You can certainly use any mix of client-side rendering and server-side rendering, but I would recommend against trying to mix ASP.NET MVC helpers with AngularJS directives. It might seem like a good idea at first because you're already used to using those helpers and you don't have to write "raw html", but they defeat the some of the purpose of what client-side applications try to achieve: separation of concerns, responsiveness, data-binding, and testability.
There's definitely a place for making mini-SPAs within a larger, traditional web-application, especially if you're converting a legacy application or if parts of the larger application don't need a SPA or are best served without it. But if you're going to render a given page - or part of page - on the client, then buy in completely and let AngularJS do what it knows how to do.
So let's say you have a Products model (some enumerable list of ) and you want to render that on the page in a list. You have three options I can think of:
- Use a razor @ForEach and render it server-side, but accept that your client-side AngularJS application won't know about this list and won't bind it to its model
- Wait until the page loads and AngularJS bootstraps, then make an API call to your MVC server-side application for some JSON data and stick it in the model. Use ng-repeat to render the list.
- Use razor to serialize the Products model on the server into some JSON string and embed that in the AngularJS controller you send back. Use ng-repeat to render the list and take advantage of client-side data-binding.
The last option is ugly. I can't think of a really good reason for it, unless you need client-side data-binding and you have to pay for each API call.
The first would be good if you don't need any data-binding on the client (it's a read-only list) or you need SEO.
The second is the way I would do it in most scenarios. You've decided to use AngularJS for a reason - let it do its job.
Don't use MVC helpers just because they're there. AngularJS provides its own directives that do much the same stuff. And if you need more, write your own. Part of using a client-side framework is buying in to the philosophy: the server is responsible for server-y stuff like authentication, server validation, and providing data through an API, and the client is responsible for being a front-end application. Keep your concerns separate.

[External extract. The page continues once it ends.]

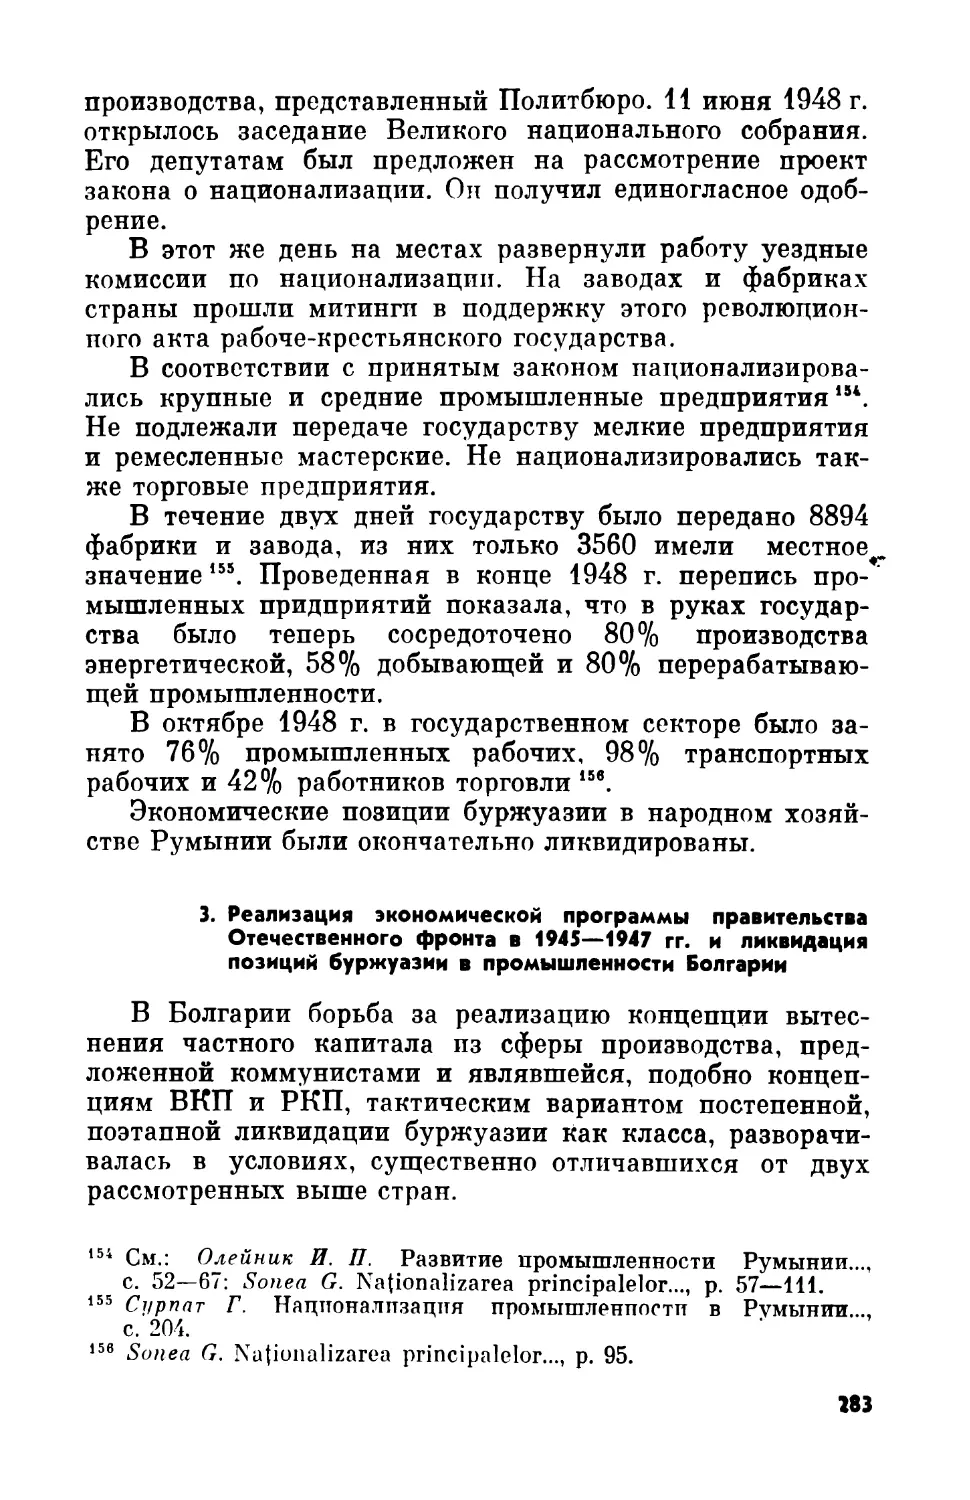 3. Реализация экономической программы правительства Отечественного фронта в 1945—1947 гг. и ликвидация позиций буржуазии в промышленности Болгарии

None of this means you can't use ASP.NET MVC for routing, authentication, or the overall structure of your app. All that surrounds your AngularJS apps. Once you're inside a mini-SPA, though, do it the SPA way.
This is philosophy I've used when integrating ASP.NET MVC with AngularJS. The server-side MVC is responsible solely for rendering the initial page, and then providing a semi-RESTful API after that. It uses ASP.NET MVC to route URLs, authenticate, and other goodies. But there's almost no razor and definitely no HTML helpers.